* _Problem to work on_
When you copy the data, keep every word exactly as it is and leave the pictures out.

* _Data_
--------------------

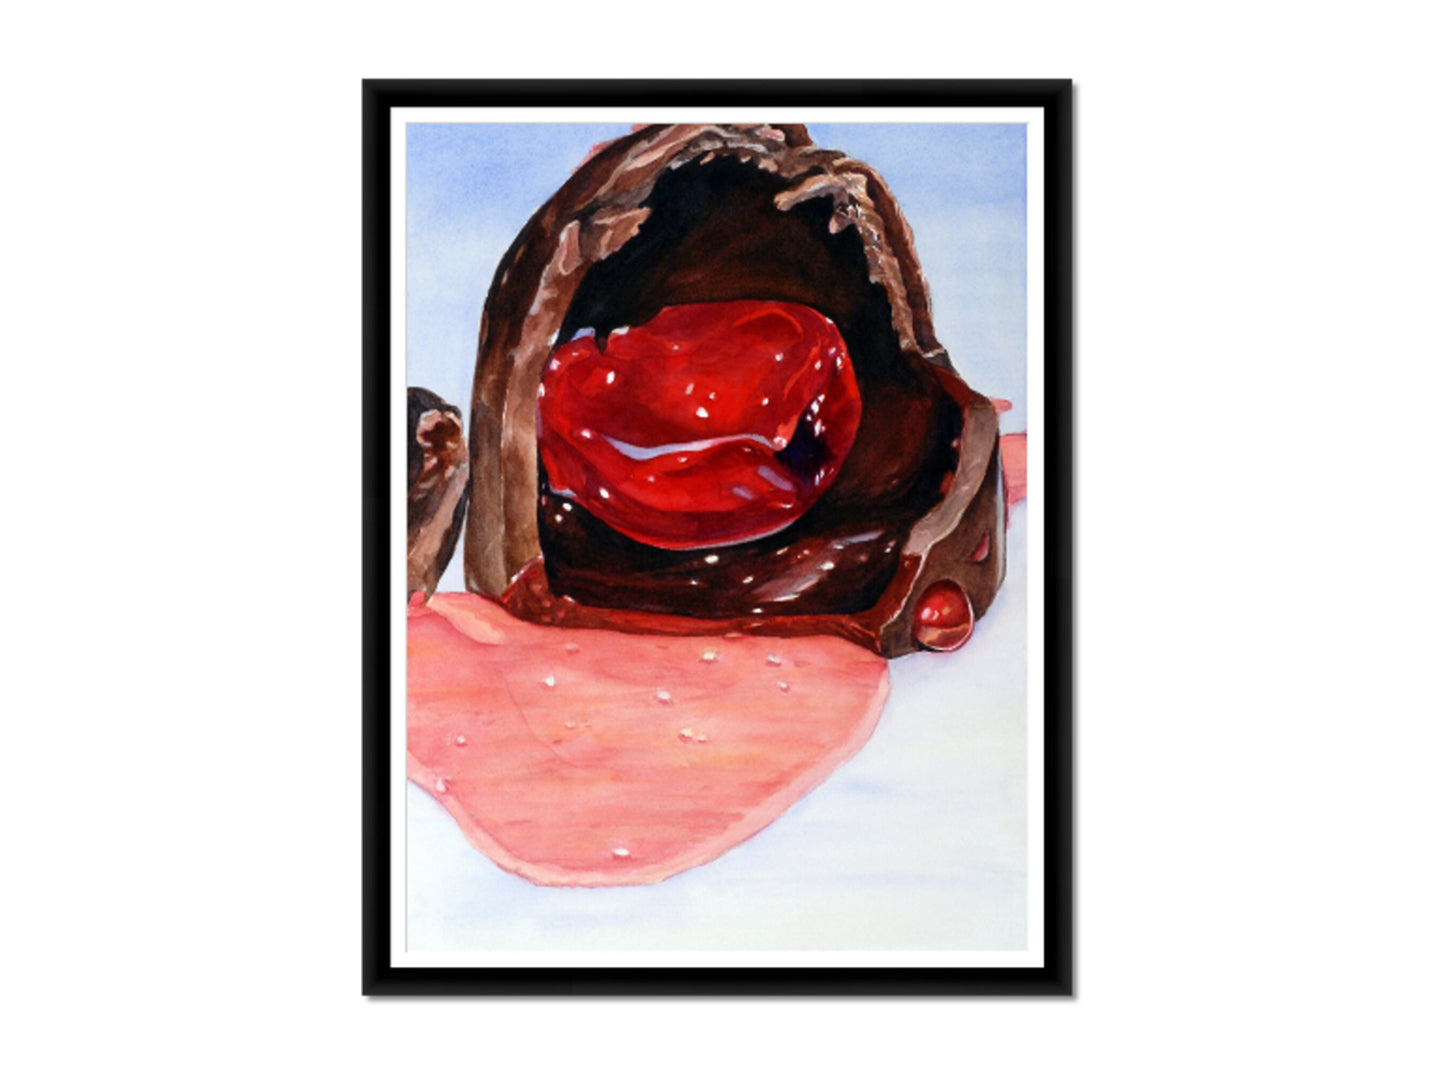 Retro Wall Art. Candy Poster, Watercolor Painting, Large Wall Art, Chocolate Covered Cherry, Large Canvas Art
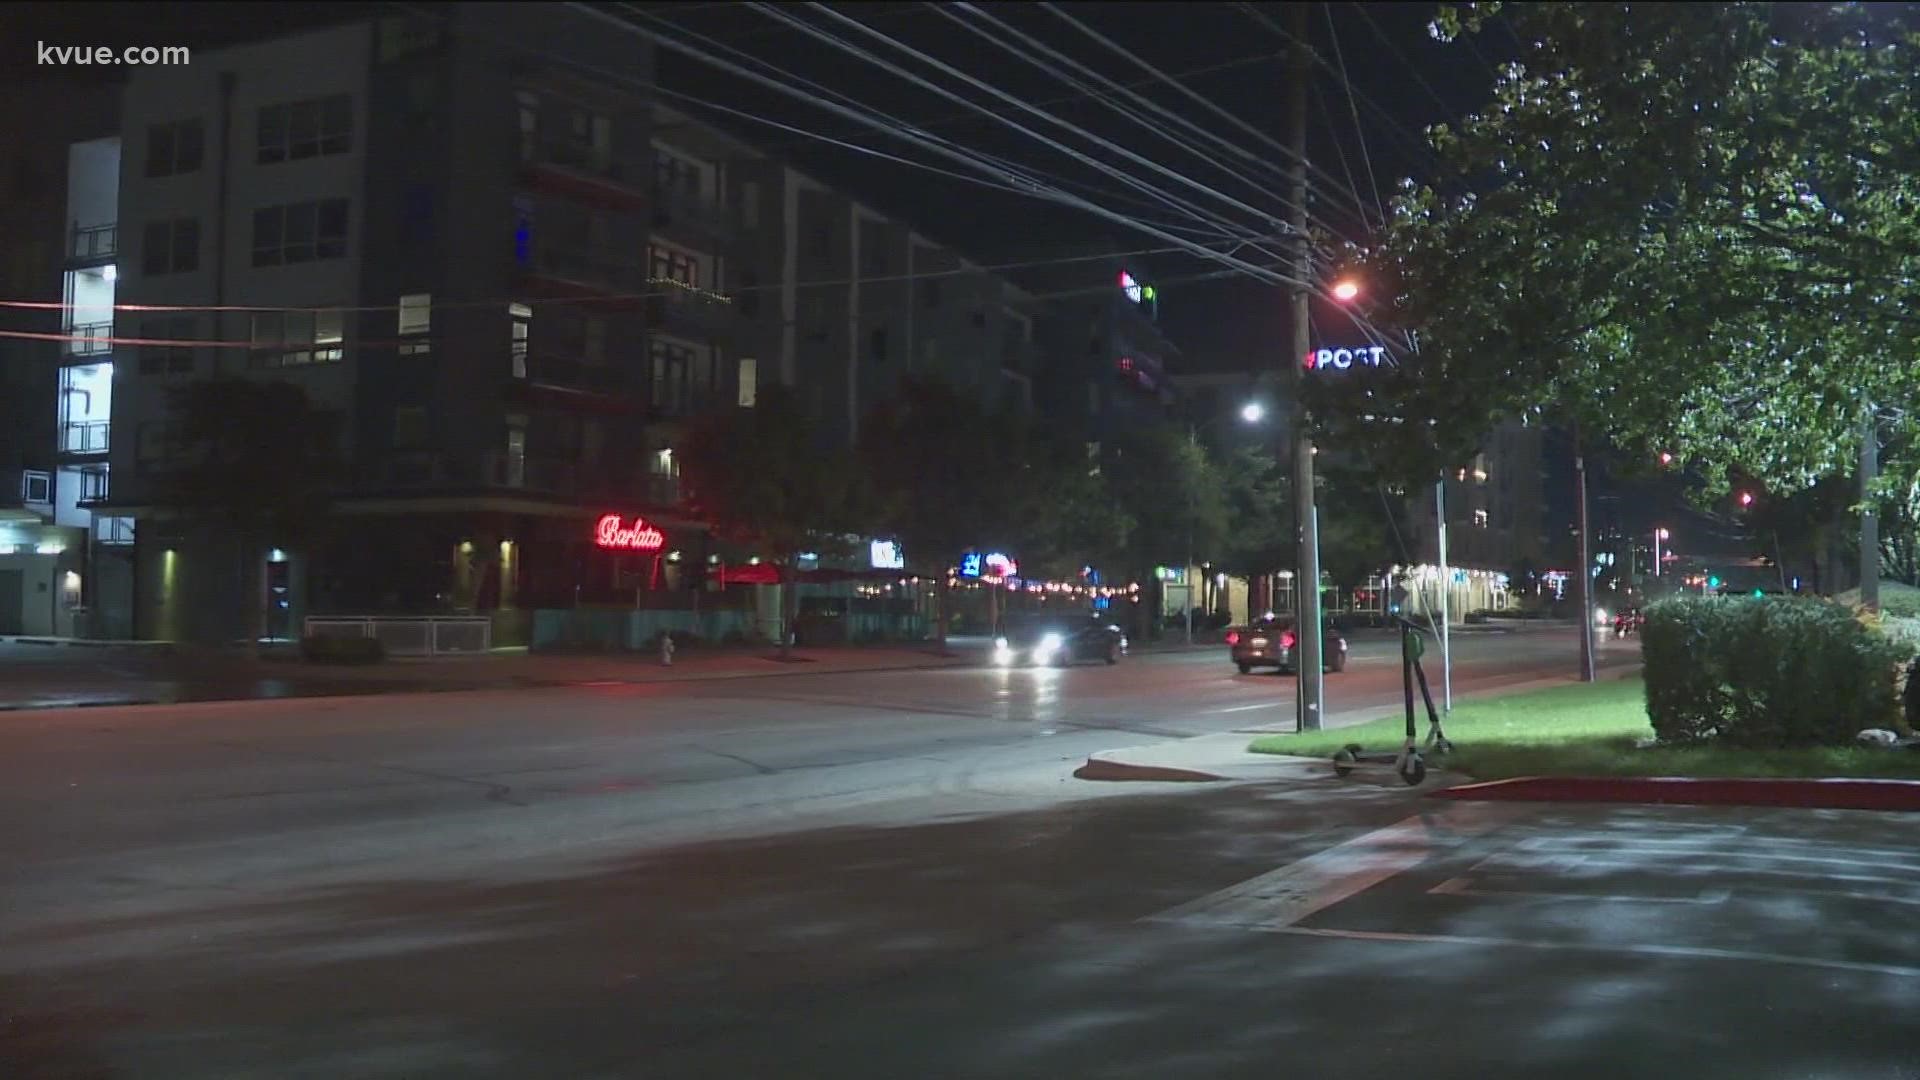 A person was taken to the hospital after a crash in South Austin last night.
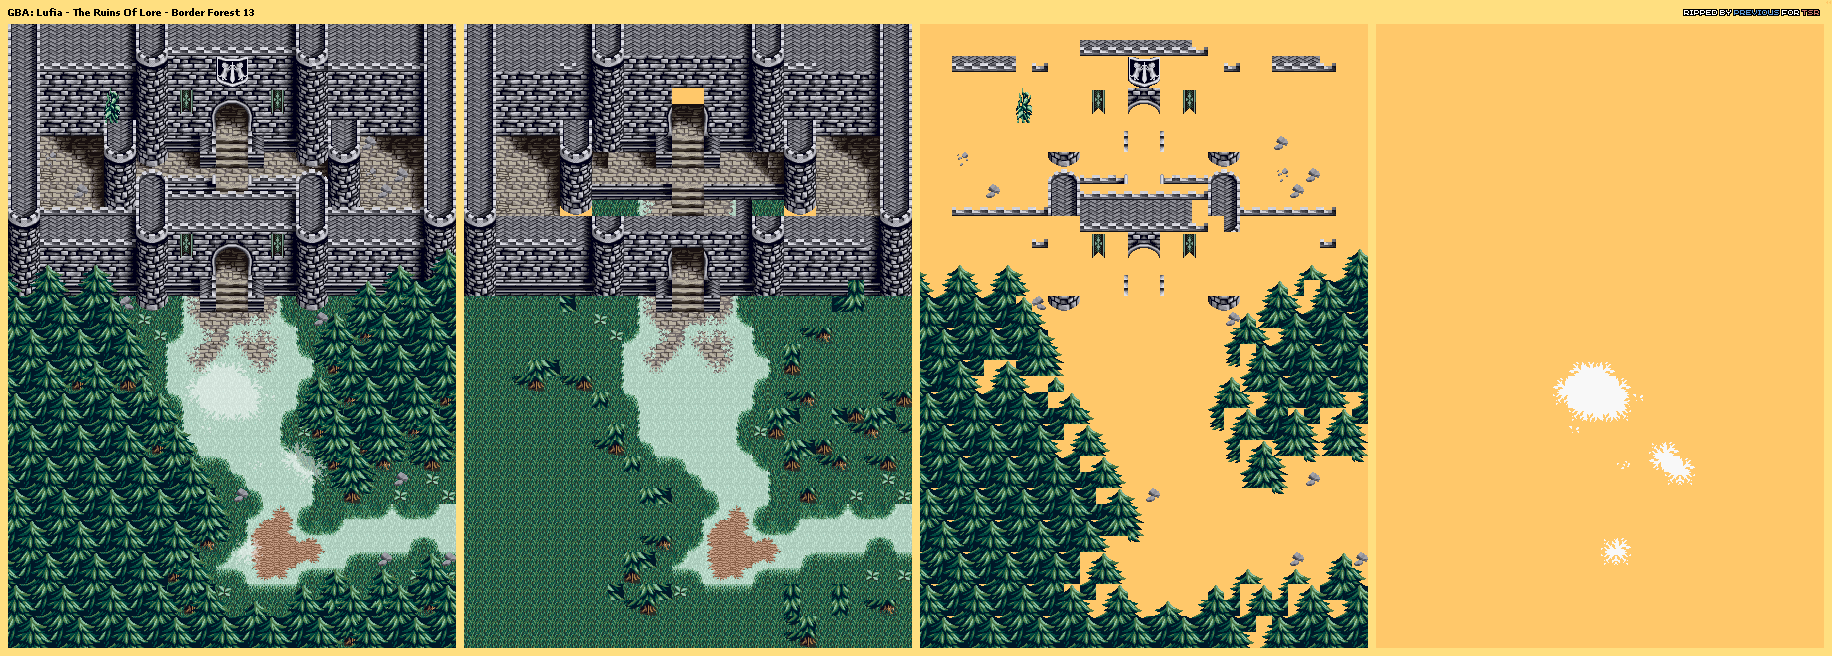 Lufia: The Ruins of Lore - Border Forest 13

--------------------

* _Your solution_
 Retro Wall Art. Candy Poster, Watercolor Painting, Large Wall Art, Chocolate Covered Cherry, Large Canvas Art
 A person was taken to the hospital after a crash in South Austin last night.
 Lufia: The Ruins of Lore - Border Forest 13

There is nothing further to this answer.